Structural business statistics (SBS) illustrate the structure of performance and costs, income and turnover, employment and investments of enterprises. The information is also used to compare the structure and competitiveness of Austrian enterprises within Europe. The Austrian strategy foresees a threshold sample in connection with use of administrative sources and model based estimation for enterprises below thresholds. This article deals with the results of the EU-harmonised structural business statistics of the production and service enterprises in sections B to N and division S95 of ÖNACE 2008 for the reference year 2018. 346 469 enterprises (legal units) with 3 044 226 persons employed achieved a turnover of EUR 807.4 billion, resulting in a production value of EUR 533.4 billion and a value added at factor costs of EUR 216.0 billion. The personnel costs for the 2 718 860 employees were EUR 134.0 billion and total investments corresponded to EUR 41.6 billion. The comparison of industries and construction with trade and services revealed that while just over four fifths (80.4%) of enterprises (legal units) operated in the services branches; the share of persons employed was 66.4%. In terms of the gross value added at factor costs, industries and construction accounted for 39.7% and the services sector for 60.3%, while more than two-thirds (69.4%) of total investment and 61.5% of turnover was made in the services sector. The results according to size classes of persons employed reflect the structure of the Austrian economy, which is predominantly characterized by small businesses. For the reporting year 2018, it emerged that 301 925 enterprises (87.1%) operated with less than ten employed persons. However, the enterprises in this size class achieved only 16.3% of total turnover and 17.3% of gross value added at factor costs. By contrast, 1 243 enterprises (0.4%) had 250 and more employed persons. Enterprises of this size, employed about a third (38.1%) of all employed persons, representing a share of 37.6% of turnover, 39.5% of the gross value added at factor costs, and 37.2% of investment. Value added at factor costs by size classes of persons employed shows that services accounted for the highest share of value added (80.5%) in enterprises with less than ten persons employed, whereas industry had a rather high share of value added (52.7%) in enterprises with 250 and more persons employed.

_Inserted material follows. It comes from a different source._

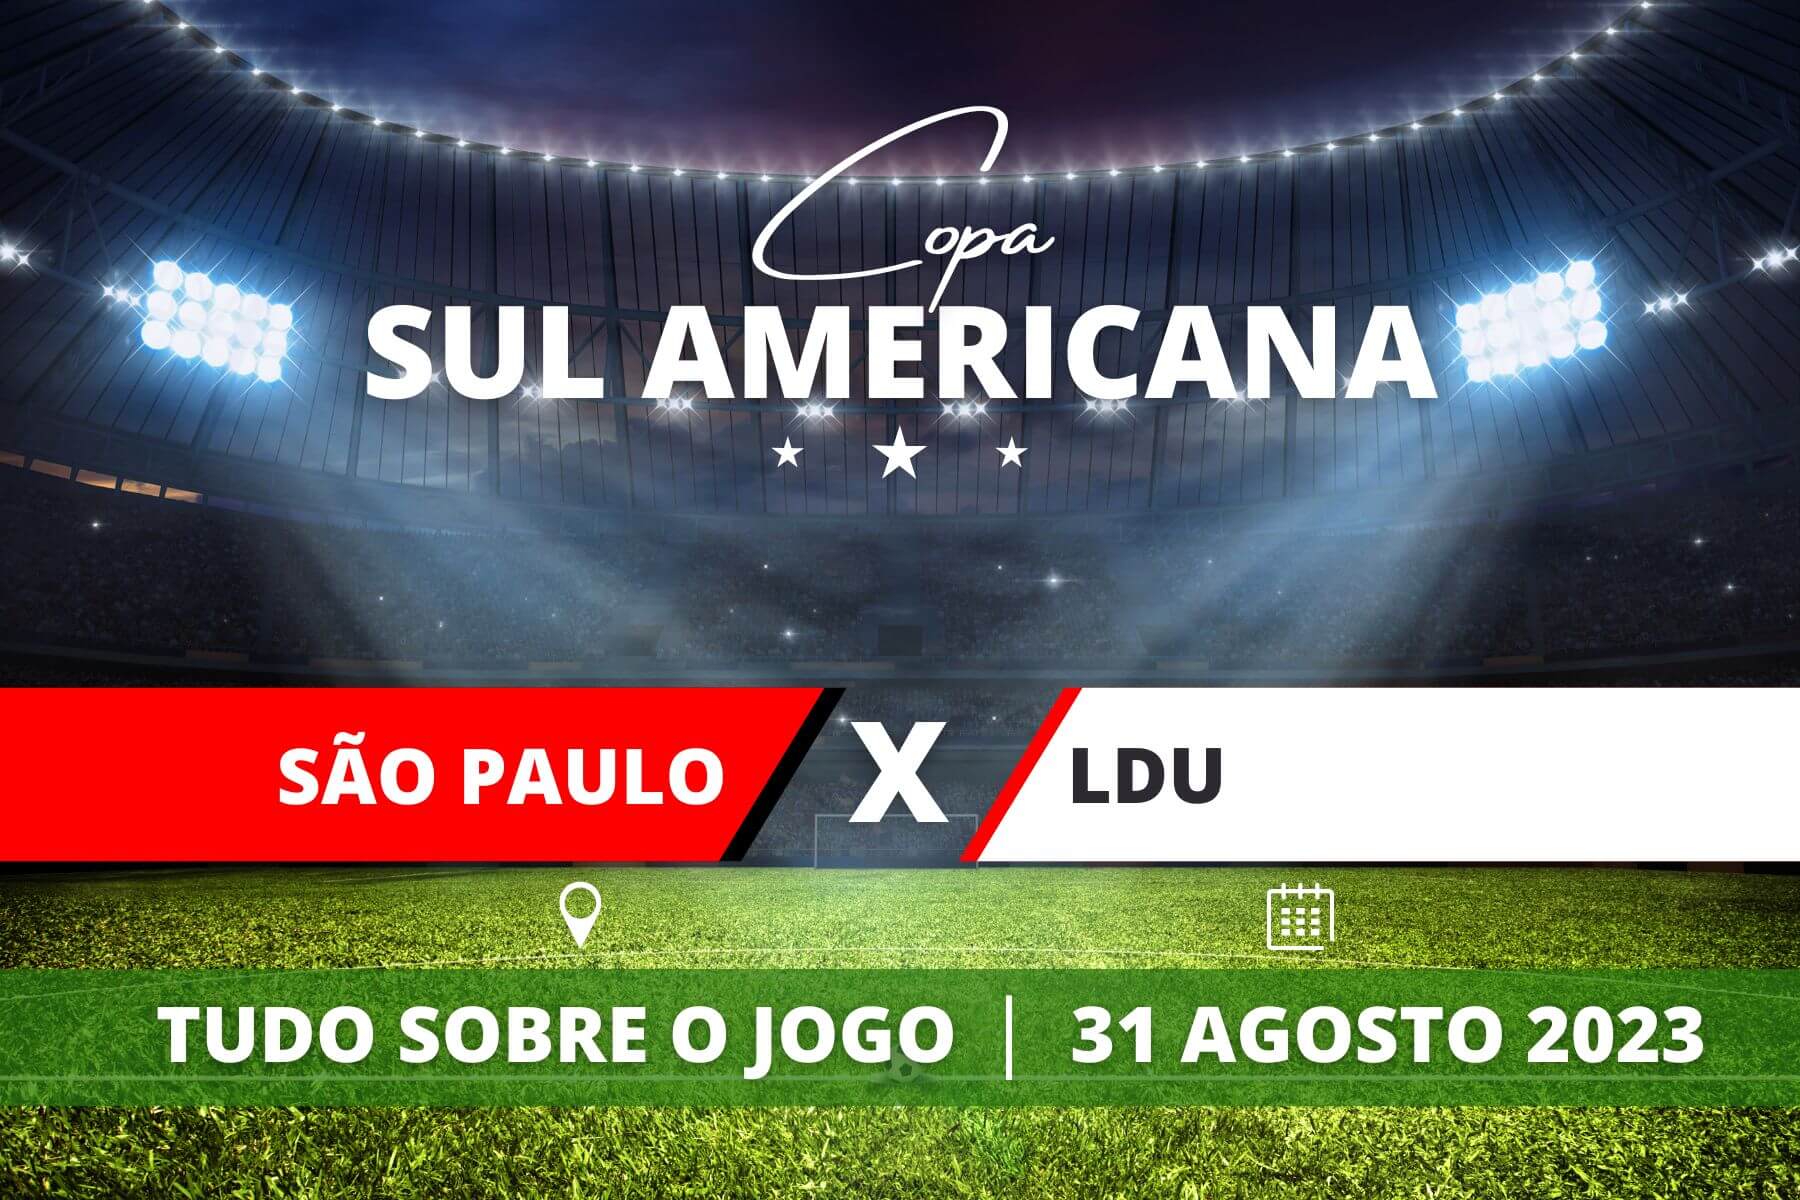  Portal Brasil São Paulo x LDU pela Copa Sul Americana. Saiba tudo sobre o jogo - escalações prováveis, onde assistir, horário e venda de ingressos 
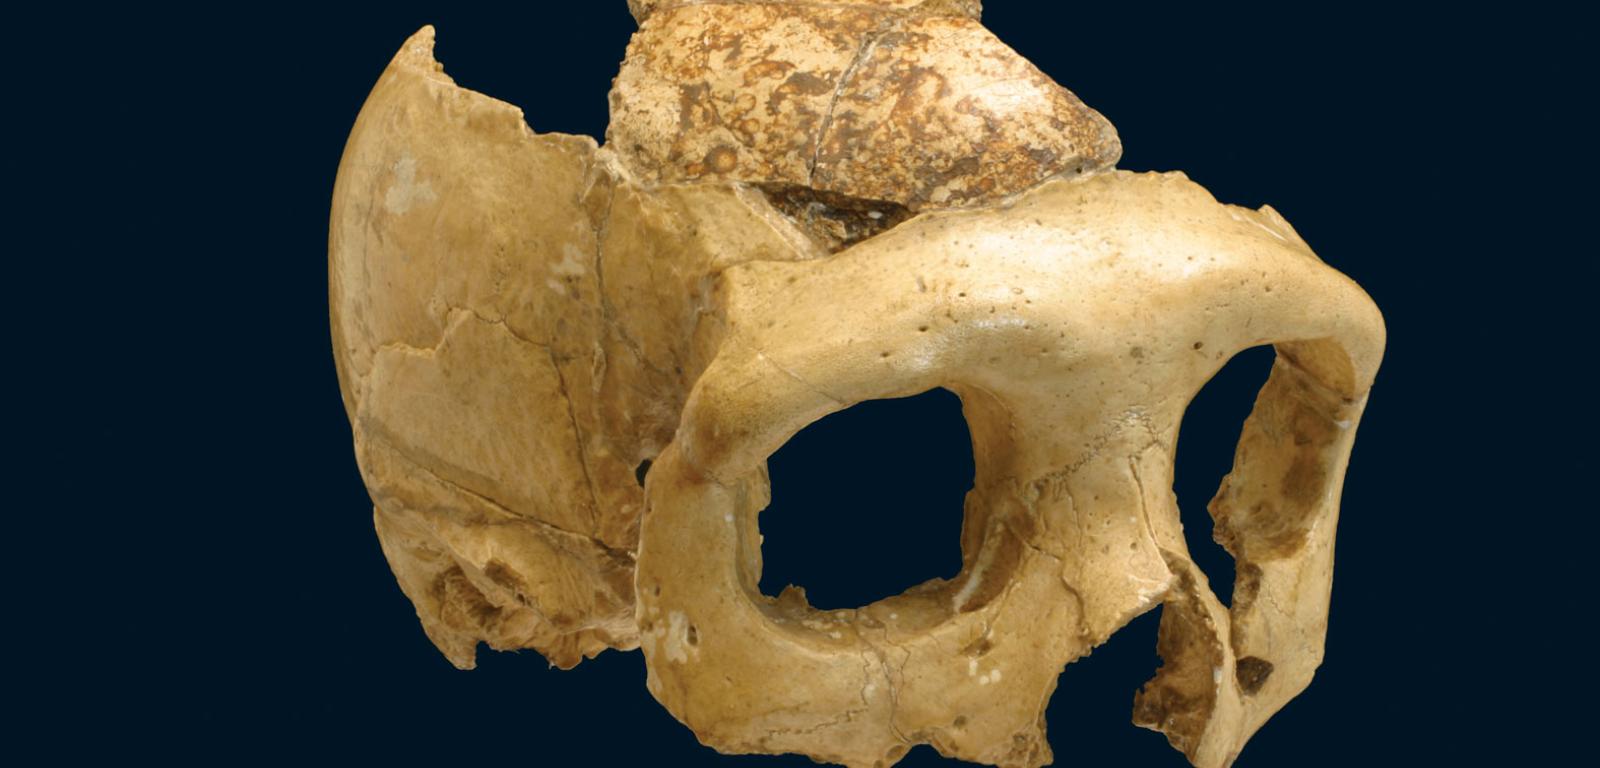 Na czaszce neandertalczyka z Krapiny widoczne są równoległe nacięcia, związane zapewne z jakimś rytuałem.

For the first time, SBS data based on the statistical unit “enterprise” (SU enterprise) are available. With the application of “profiling”, the SBS population has been delineated to 322 441 SU enterprises, aiming at eliminating the internal flows between legal units of the same SU enterprise. The results show a total turnover of EUR 790.4 billion resulting in a production value of EUR 525.2 billion and a value added at factor costs of EUR 215.8 billion. Hence EUR 16.7 billion of internal flows were eliminated. However, due to their additive character, there was no consolidation effect for the variables persons employed and value added at factor costs. However, a shift within the economic activities has taken place. The biggest shift can be observed from services to industry, which is mainly caused by outsourcing of support activities, such as IT and transport, to separate legal units within the same enterprise group.